Оно всё ещё смотрит на меня. Или это я так думаю. Всё же хочется верить, что я значим. Хоть что-то в происходящем зависит от меня. Хочется накинуть на шею петлю, но верёвки в моём мире не даются пальцам. Узлы сплетаются неправильно и разваливаются, словно не завязаны.

Я всё ещё стою перед существом. Лежу перед существом. Я всё ещё существую перед существом. И могу неизмято существовать только перед ним. Только в его глазах. Я хочу верить, что оно смотрит на меня. Что оно меня видит. То, что должно было восприниматься холодом, касается моего лица. Я хочу кричать на существо за то, что оно творит с моим миром, но миру всё равно. Он продолжает спокойно двигаться и жить словно ничего не случилось.

Словно.

Сложно.

Сло(в/ж)но.

А я существую и вижу. Не хочу и хочу. А существо… оно вот, прямо передо мной. Или я перед ним. В чём разница? Я его вижу. Или нет. Или да. Я вижу, но не могу понять. Даже не уверен, что это существо. Но оно говорило со мной. Говорило же? Со мной же? Ну а с кем ещё? Кроме меня и его здесь никого нет. Ничего нет. И есть всё. И нет здесь. Я хочу скатиться в безумие, но оно кажется слишком логичным и правильным. Слишком сложным и осознанным. Так не должно быть. Кто это существо и зачем оно здесь? Зачем здесь я? Где это здесь?

Я живу в своём измятом мире и в тот же самый момент нахожусь перед этим существом. Я чувствую свой мир. То, как он исказился. Я вижу это существо. Слышу его голос. Скрежет мира. Я не могу понять, сколько всё это продолжается. В моём мире измятое время ведёт себя слишком непонятно. А здесь, кажется, не ведёт себя никак. Просто не существует. И всё, что здесь происходило, происходит и произойдёт, смешивается в одно безумное мгновение. Мгновение, потерявшее свои начало и конец. Постоянно начинающее и заканчивающееся. Одновременно. Вневременно.

Хочется рассеяться хохотом по всему происходящему. Существо. Существо. Существо. Я не уверен, что оно существует, но называю его существом. Я не могу понять, вижу ли я его. Но хочу считать, что вижу. Я не могу понять, далеко ли оно от меня. Оно касалось меня. Или нет. На мне лежало то, что я хочу считать его руками. Но чувствовал ли я это? Не могу понять. Оно комкает мой мир. Оно огромно. Или нет. Хочу выкрутить из головы что-нибудь и бросить в него. Бросаю взгляд. Так бросают камни в колодец, пытаясь определить, как далеко вода. Или дно. Зачем?

Я продолжаю вглядываться в то, что должно быть глазами. Продолжаю удерживать на себе их взгляд. Пока существо смотрит на меня, я важен. Иначе никак. Я хочу чувствовать боль от того, как сминается мой мир. Но не чувствую. Это неправильно. Нечестно. Я хочу находиться в своём мире. Сминаться с ним. Не замечать это. Нет. Не хочу. Почему я здесь? Почему я вижу, как это существо сминает мой мир? Кто это существо? Где здесь? Почему именно мой мир? Почему мир на это не реагирует? Что происходит?

 

***

 

Я знал, что сегодня ты придёшь. Здравствуй. Я ждал. Ты молодец. Ты справился. Только не смотри на меня так. Жаждешь объяснений, знаю.

Позволь мне выговориться. Позволь быть самым клишированным злодеем. Ведь ты искренне считаешь, что в твоей истории именно я – тьма. Даже не обижусь, если после всего, что сейчас будет сказано, твоё мнение не изменится. Поверь, я понимаю. Я точно тебя понимаю.

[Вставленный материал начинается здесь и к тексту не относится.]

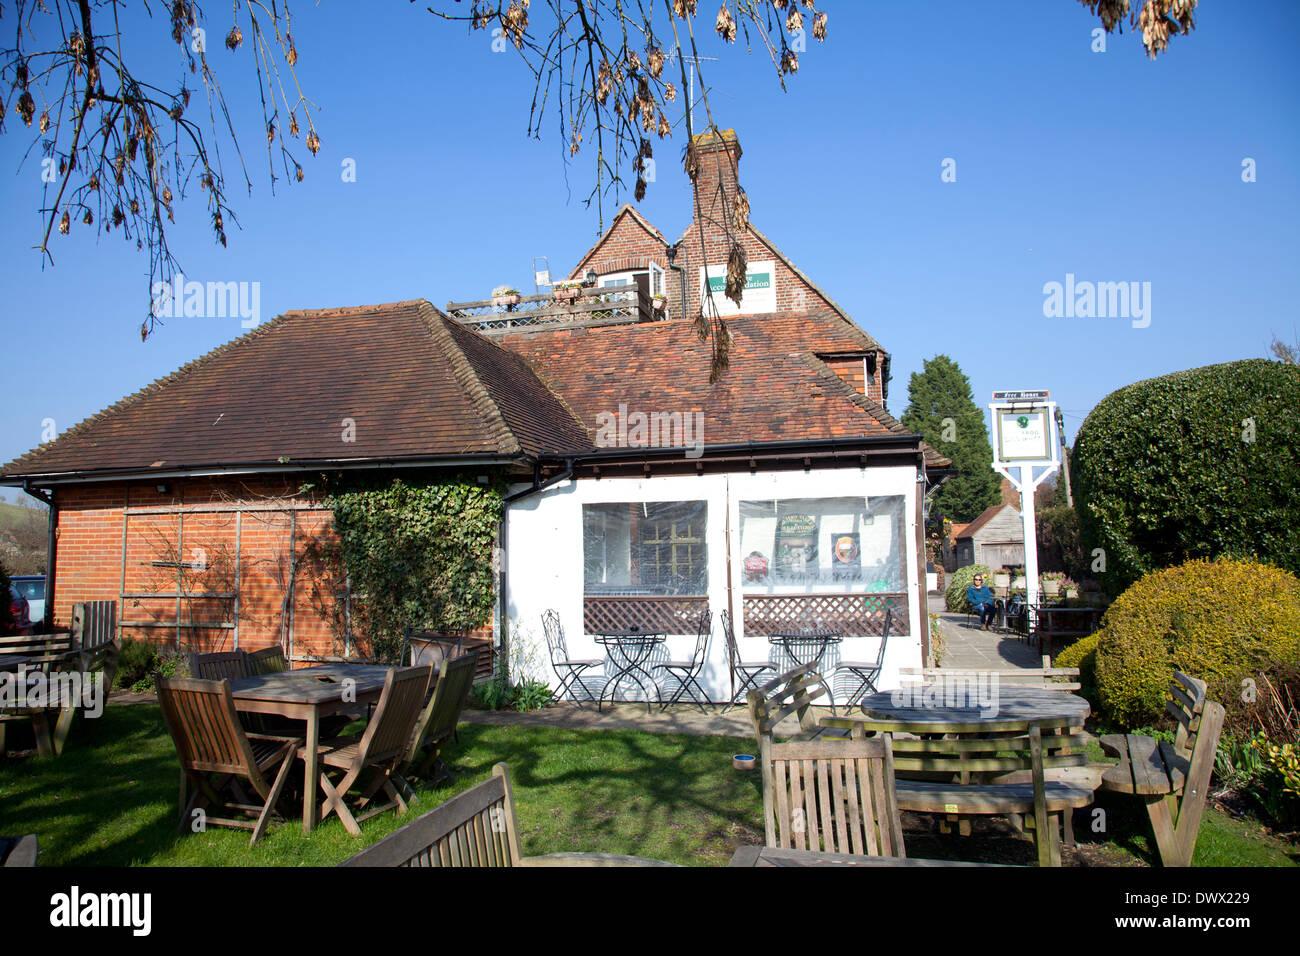 The Frog Pub and Restaurant in Skirmett in Buckinghamshire - UK Stock Photo
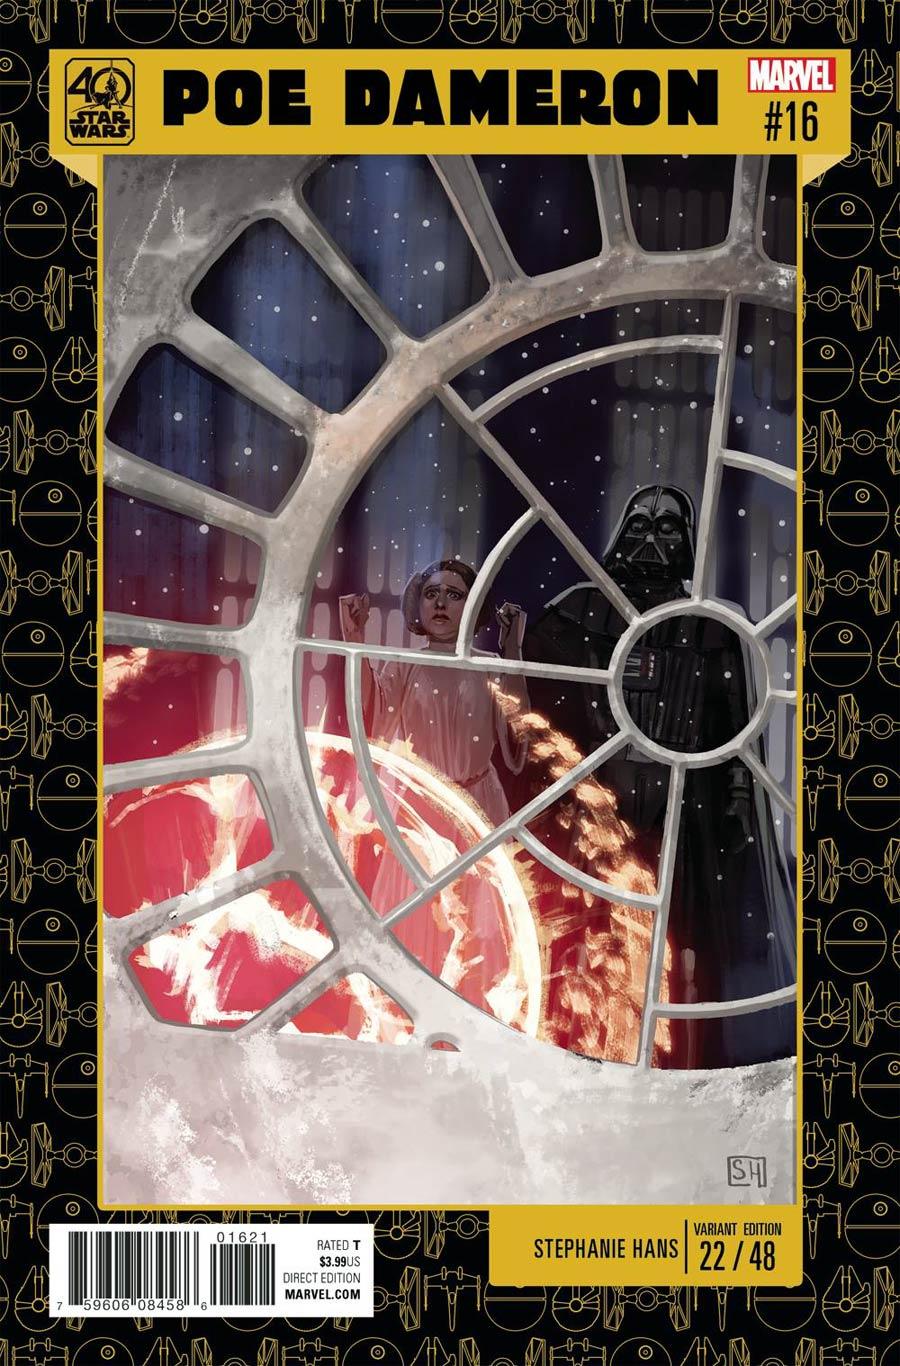 Star Wars Poe Dameron #16 Cover B Variant Stephanie Hans Star Wars 40th Anniversary Cover

Можешь устроиться поудобнее, ведь рассказ будет долгим. Чтобы ты понимал, начать я должен с истории маленького мальчика. Глупого. Юного. Необычного. И такого одинокого. Получается ли у меня рассказ, обсудим позже. А сейчас слушай. Тебе ещё дадут слово. Позже. Сейчас моя очередь.

Так вот. Родной мир оказался на мальчика обижен. Родной мир был обделён тем, чем мальчик был наделён. Потому не желал принимать. Страх в глазах матери. Холодность отца. Ребёнок казался семье проклятьем. Карой за грехи, которые они не совершали. Несправедливой карой. Мальчик видел слёзы матери.  И не видел глаз отца. Мальчик не имел имени. Он просто был. Этого хватало.

Страх в глазах окружающих быстро сменяется злой насмешкой, если не находит подтверждения. Мальчик из ужасной кары превращался в надоедливое проклятье. В грязное пятно на лицах отца и матери. Превращался до тех пор, пока незнакомец не переступил порог их дома. И не подарил семье избавление.

Небольшая плата и проклятие уходит за новым владельцем. Точнее, за руку с новым владельцем. И больше никогда не беспокоит родителей. Сначала было страшно и непонятно. Особенно, когда незнакомец пытался выяснить имя мальчика. Но имени не было. Мальчик молчал. Он привык молчать. А незнакомец не привык и быстро стал знакомым. И как-то ещё быстрее – родным.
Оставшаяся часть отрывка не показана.